Current Research Projects Conducted in Co-Lab:
Dr. Brook Wu’s projects:
- Information filtering by multiple examples: This approach utilizes multiple representative articles provided by a user as positive samples to represent a complex information need without the user composing any search query. The system learns from the user samples and ranks the all documents in a document base (such as a digital library), based on their relevance to the information need representing the sample documents provided by the user using a semi-supervised Positive and Unlabeled Learning (PU Learning) approach. To achieve a high level of learning performance even with few positive samples, the system utilizes under-sampling, which is especially beneficial when desired documents similar to the samples are not evenly distributed in the document base.
- Task-based user profiling for personalized query refinement: This project uses the user’s prior search sessions to model his or her evolving search interests with long- and short-term, and positive and negative descriptors. To reduce the noise in the dataset, the clicked pages in the user’s search sessions are represented using social tags to form a pseudo user representation, from where the descriptors in the user’s profile are derived.

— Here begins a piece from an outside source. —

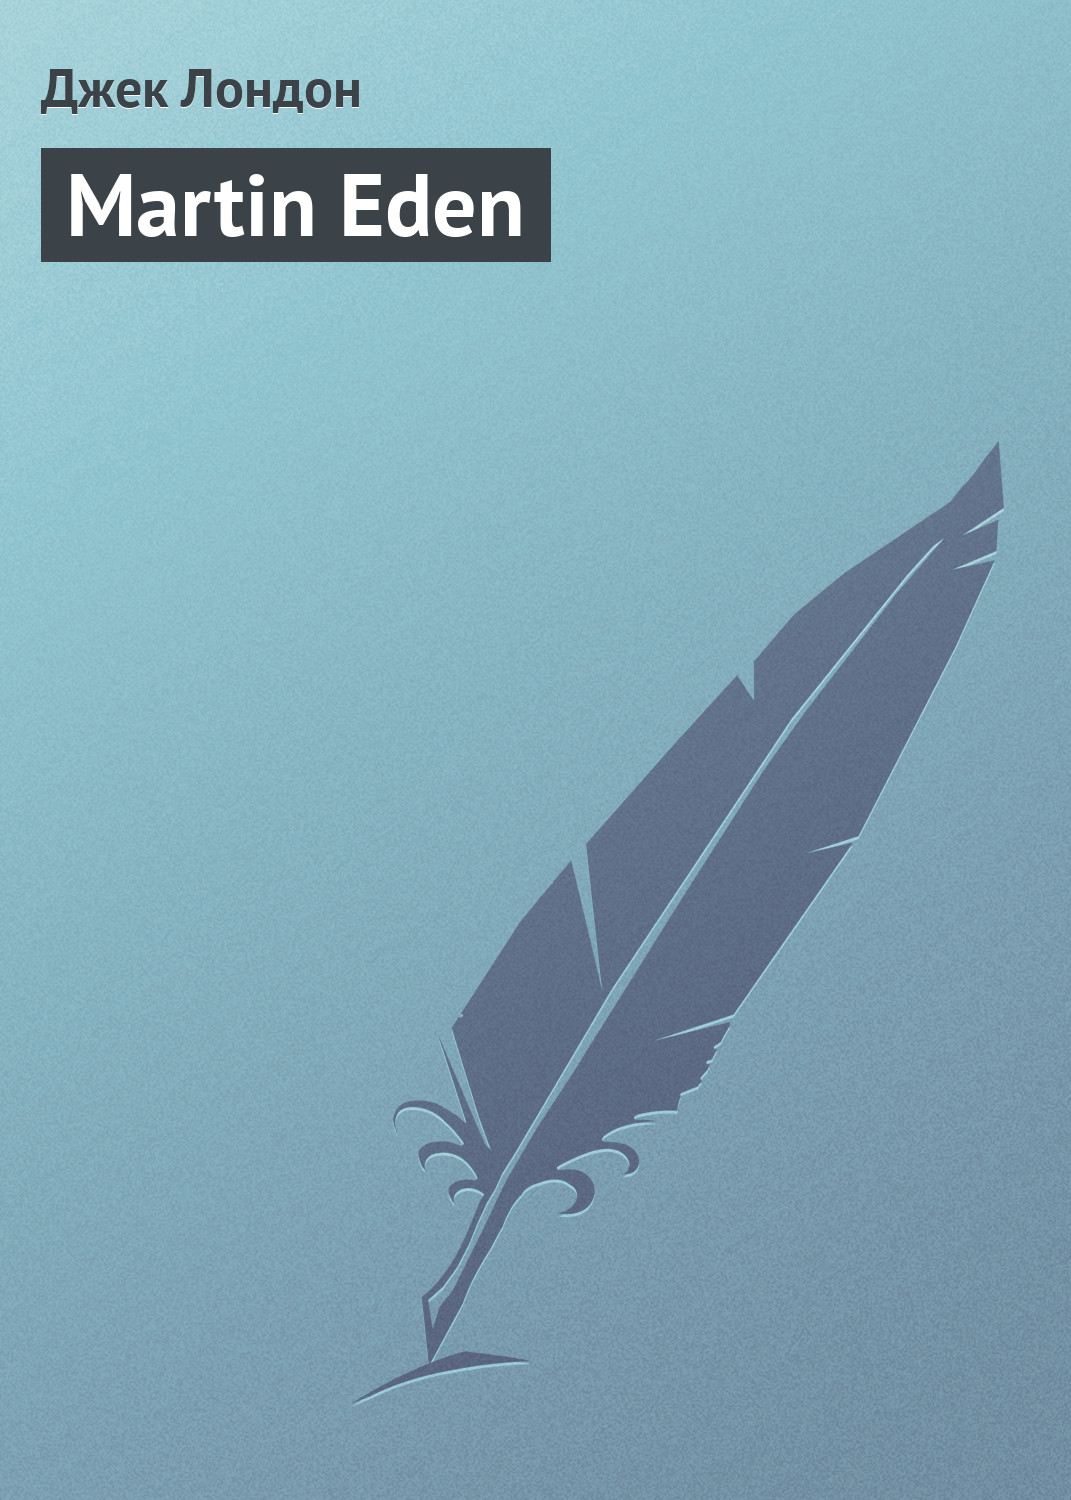 Книга Martin Eden из серии , созданная Джек Лондон, может относится к жанру Литература 20 века, Зарубежная классика. Стоимость электронной книги Martin Eden с идентификатором 146075 составляет 29.95 руб.

- Intent-based user segmentation with query enhancement for online advertisement: This project proposes a query enhancement mechanism that augments a user’s queries by leveraging the user’s query log, which provides more useful context for the user’s interests and hence reduces the ambiguity in the inferred user’s intent.
- Automatically generating audience level metadata for digital library resources: This project trains a support vector machine classifier to label digital library resources by subject and reading level automatically.
- Concept chaining utilizing meronyms in text characterization: This project utilizes semantic and linguistic content categorization, which will facilitate improved access methods for digital library resources.
Dr. Lian Duan’s projects:
- Dr. Duan is currently working on a new framework for evaluating correlation. Because of randomness, existing methods either evaluate the degree of correlation without controlling the type I error rate, or evaluate the type I error rate from the independence instead of a certain degree of correlation. His three main directions are: (1) developing a framework to properly measure the degree of correlation with a controlled type I error rate. (2) studying the bias of different measures under his framework and providing guidelines to choose the proper measure under different situations. (3) providing appropriate data structures to speed up the correlation search. Such research has significant impacts on social network and healthcare domains. It enables more precisely measuring the impact of one node on others in social network or one drug on adverse drug reactions. In addition, it also improves a very popular community detection method.
Dr. Songhua Xu’s projects:
- Dr. Xu is working on several projects concerning big data processing, especially in the healthcare domain. He also is researching text extraction from images, and a much more effective approach to patent search. Among his big data projects is one to study the rich amount of personal information shared openly among cancer patients and cancer-free people online. He is developing domain-specific informatics tools to automatically reconstruct people's spatio-temporal lifelines, link them to spatio-temporal environmental data available from online sources such as the Environmental Protection Agency, and mine them using machine learning methods to search for salient associations between changes of migration-influenced environmental exposure and cancer risk.